Key updates to Vermont’s Security Breach Notice Act include:

  • Expansion of Personally Identifiable Information (PII)

Following many other states, the new law will add to the data elements that if breached could trigger a notification obligation.  Prior to this amendment, the definition of PII in Vermont was limited to four basic data elements that when unencrypted, a consumer’s first name or first initial and last name in combination with:

    • Social Security number;
    • Driver license or nondriver identification card number; • Financial account number or credit or debit card number, if circumstances exist in which the number could be used without additional identifying information, access codes, or passwords; or
    • Account Passwords, personal identification numbers, or other access codes for a financial account.

The amended law includes these elements, and adds the following when combined with a consumer’s first name or first initial and last name:

    • Individual taxpayer identification number, passport number, military identification card number, or other identification number that originates from a government identification document that is commonly used to verify identity for a commercial transaction;
    • Unique biometric data generated from measurements or technical analysis of human body characteristics used by the owner or licensee of the data to identify or authenticate the consumer, such as a fingerprint, retina or iris image, or other unique physical representation or digital representation of biometric data;
    • Genetic information; and
    • Health records or records of a wellness program or similar program of health promotion or disease prevention; a health care professional’s medical diagnosis or treatment of the consumer; or a health insurance policy number.

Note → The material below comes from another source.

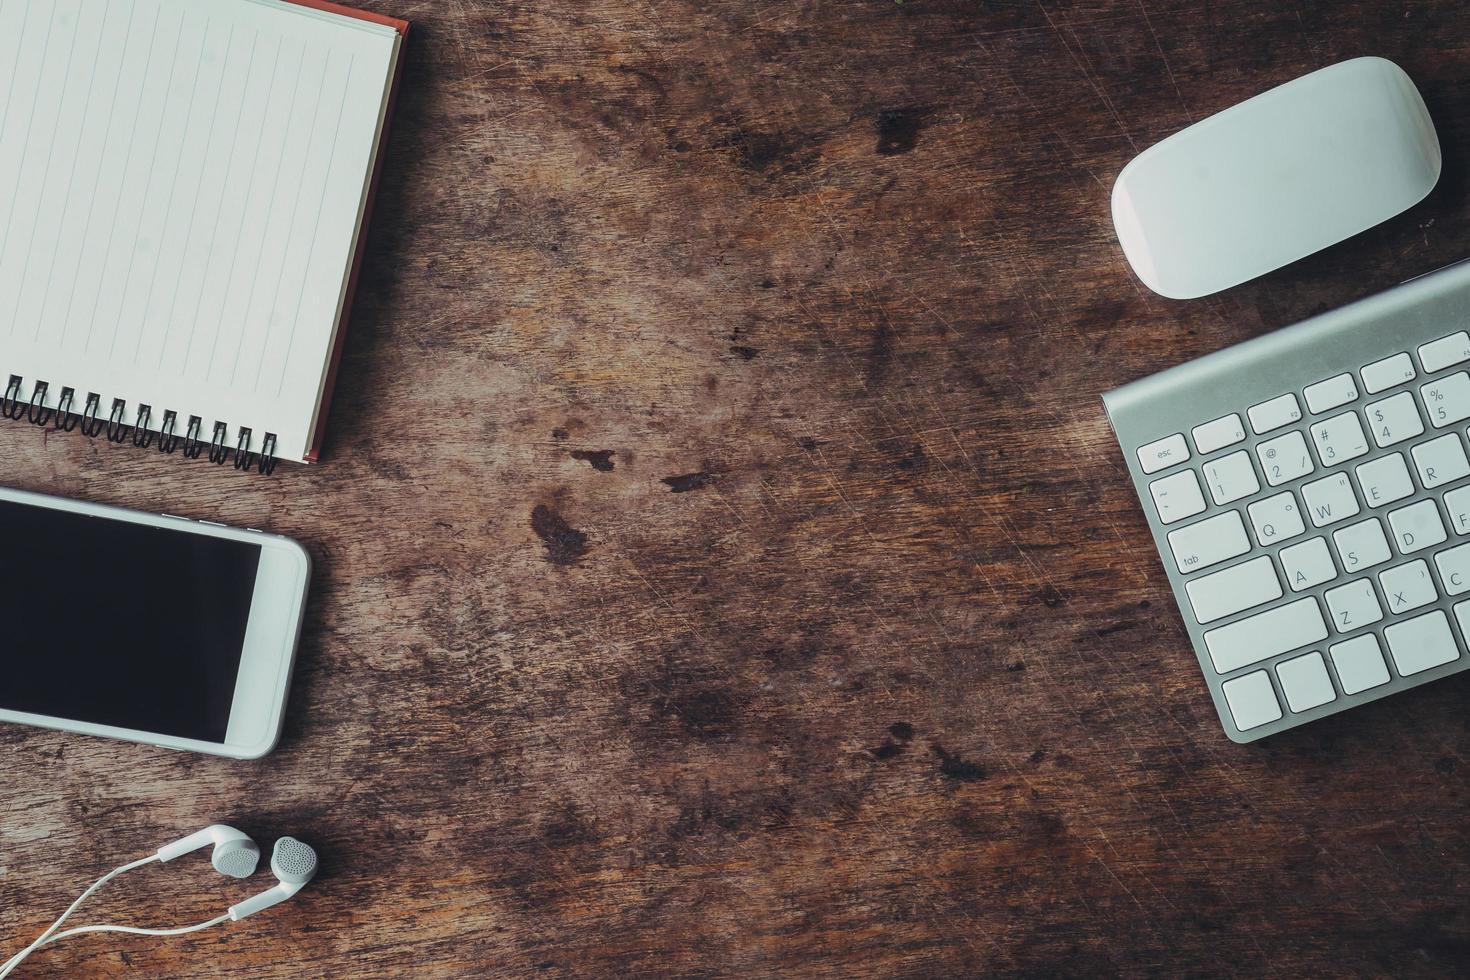 flache Schreibtischlage mit elektronischen Geräten und Notebook foto

The amended law will also include notification requirements for breaches of “login credentials”. The amendment defines “login credentials” as “a consumer’s user name or e-mail address, in combination with a password or an answer to a security question, that together permit access to an online account.” If a breach is limited to “login credentials” (and no other PII), the data collector is only required to notify the Attorney General or Department of Finance, as applicable, if the login credentials were acquired directly from the data collector or its agent.

  • Substitute Notice

Previously, substitute notice was permitted where the cost of Direct Notice via writing or telephone would exceed $5,000, more than 5,000 consumers would be receiving notice, or the data collector does not have sufficient contact information.

Under the amended law, substitute notice is only permitted where the lowest cost of providing Direct Notice via writing, email, or telephone would exceed $10,000, or the data collector does not have sufficient contact information. It is no longer permitted to provide substitute notice where the number of consumers exceed a certain threshold.

Student Privacy Law 

Finally, Bill S.110 also includes the Student Online Personal Information Protection Act, which prohibits an “operator” from sharing student data and using that data for targeted advertising on students for a non-educational purpose. Under the new law, “operator” means the operator of an Internet website, online service, online application, or mobile application used primarily for K-12 purposes, and designed and marketed as such. The passage of this law is particularly relevant during the COVID-19 pandemic, as student use of education technology services has dramatically increased.

Conclusion

This amendment keeps Vermont in line with other states across the nation currently enhancing their data breach notification laws in light of recent large-scale data breaches and heightened public awareness.  Organizations across the United States should be evaluating and enhancing their data breach prevention and response capabilities.